Ilmu sebagai alat Peramal
Tatkala membuat ekplanasi, biasanya ilmuan telah
mengetahui juga faktor penyebab gejala tersebut. Dengan menganalisis faktor dan
gejala yang muncul, ilmuwan dapat melakukan ramalan. Dalam term ilmuwan ramalan
disebut prediksi untuk membedakan ramalan embah dukun. Sebagai contoh, motor
tadi, seorang mekanik bisa memprediksi jika pemilik motor tidak mau merawat
motor dan lalai mengganti oli, maka ring sehernya akan cepat menipis dan oli
mesin akan terbakar dan menyebabkan asap menjadi tebal dan berwarna putih.
3.
Ilmu sebagai alat
Pengontrol
Eksplanasi sebagai bahan membuat prediksi dan kontrol.

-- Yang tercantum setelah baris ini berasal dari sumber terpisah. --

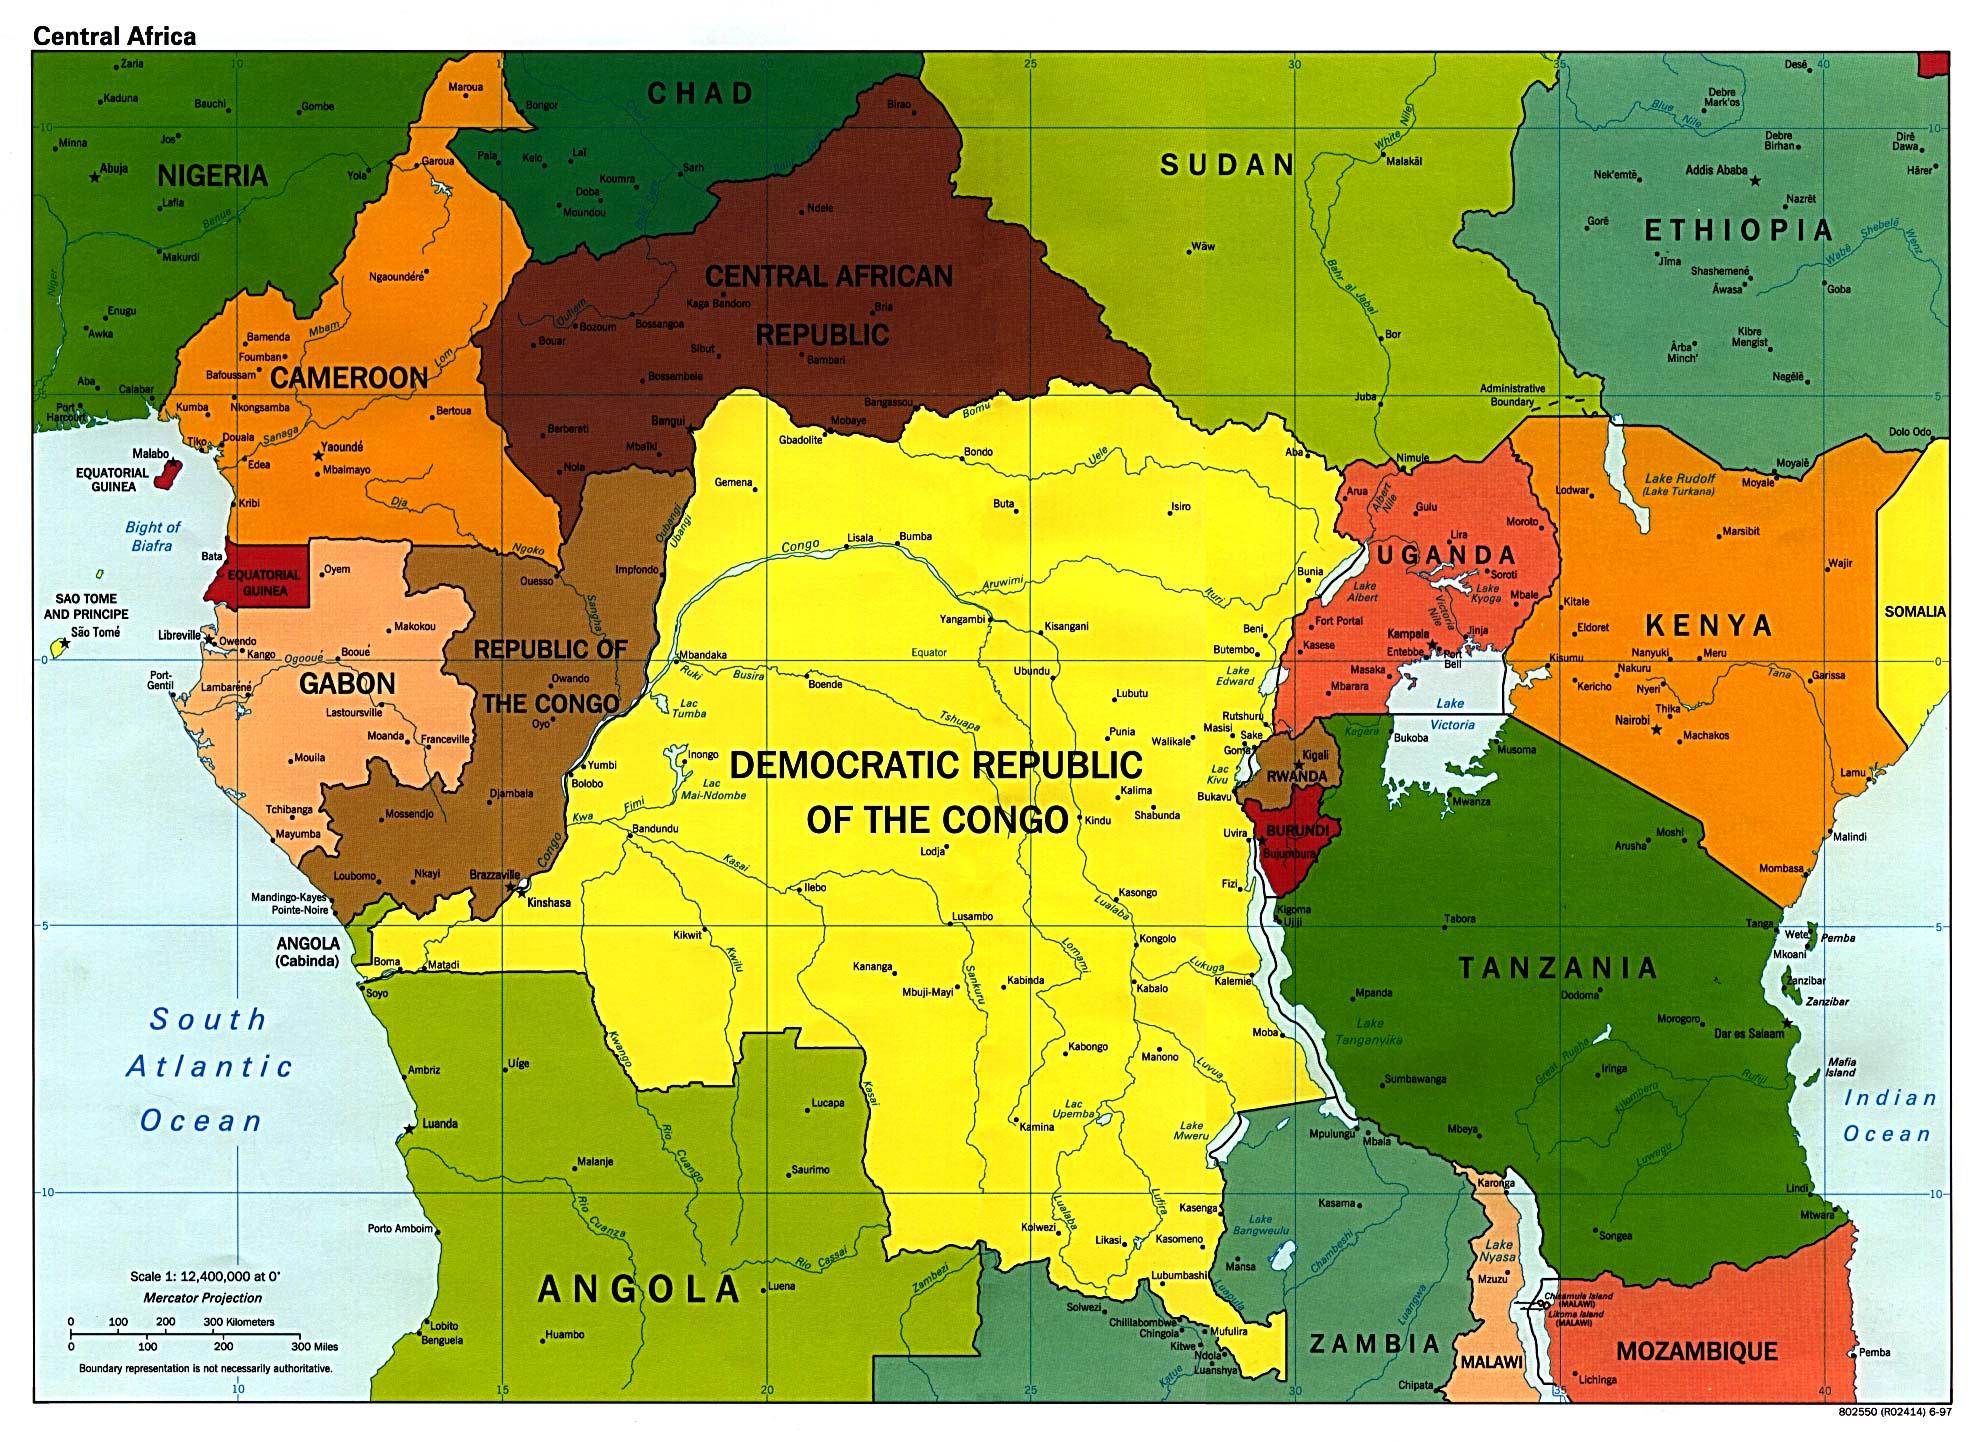 Mapa Politico de África Central 1997
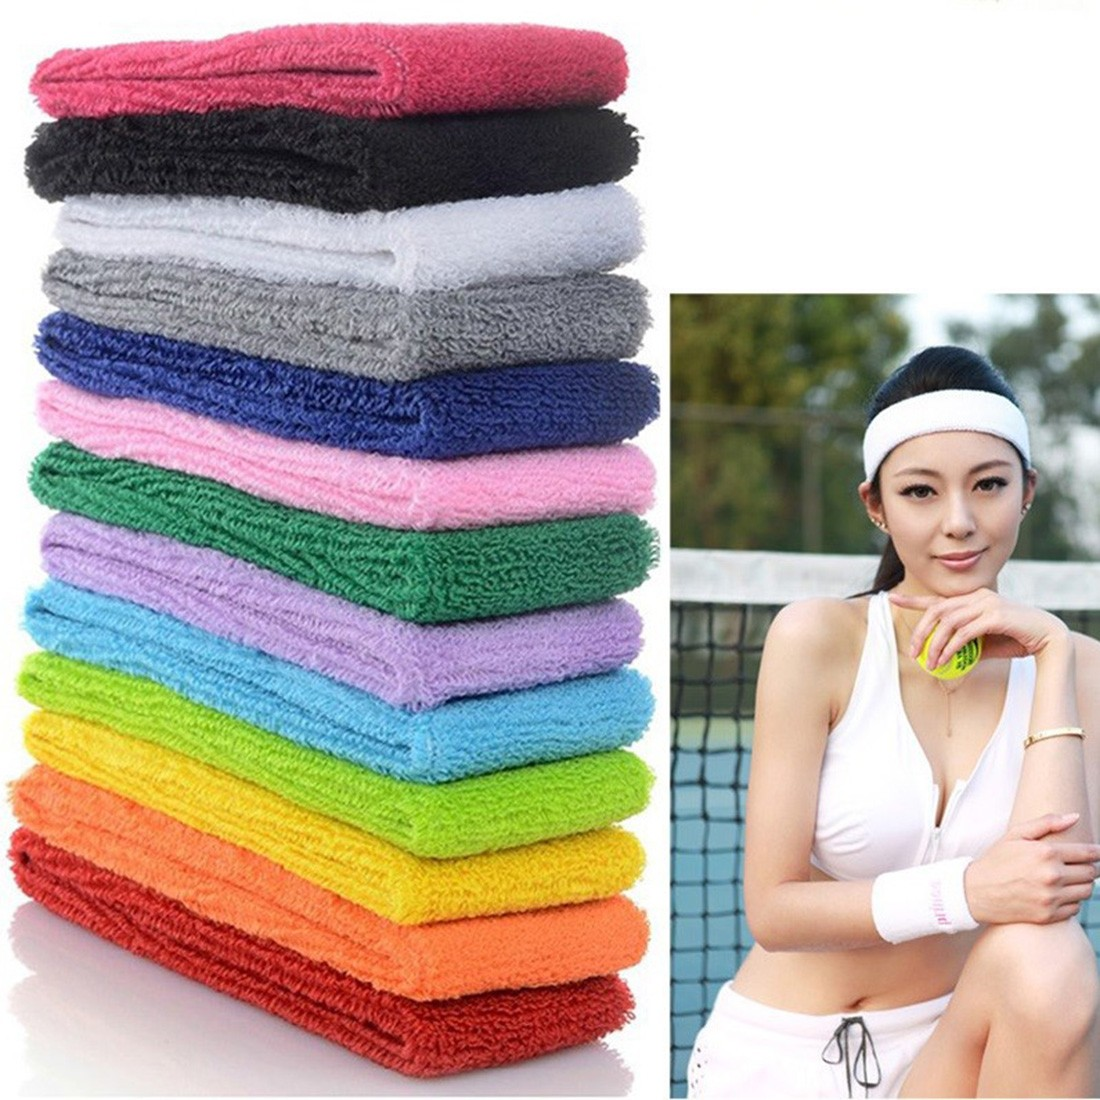 Sports Yoga Gym Stretch Headband Head Band Hair Band Sweat Sweatband Mens Women

Ilmuan selain mampu membuat ramalan berdasarkan eksplanasi gejala, juga dapat
membuat kontrol. Contoh : Agar motor kita awet, motor kita harus diservis dan
ganti oli tiap 2000 km, sehingga tingkat keausan mesin dapat ditekan dan
diperlambat, jadi motor kita akan tetap awet.
Pada
intinya ilmu memiliki kegunaan atau fungsi yang kalau kita konsumsikan dengan
baik, memberikan kenikmatan batiniah atau kepuasan jiwa. Jiwa kita tergetar,
terharu, tersenyum oleh komunikasi artistik, menyebabkan dunia yang tak
terjangkau kasat mata. Jiwa kita bertambah kaya, persepsi kita bertambah
dewasa, yang selanjutnya akan mengubah sikap dan kelakuan kita.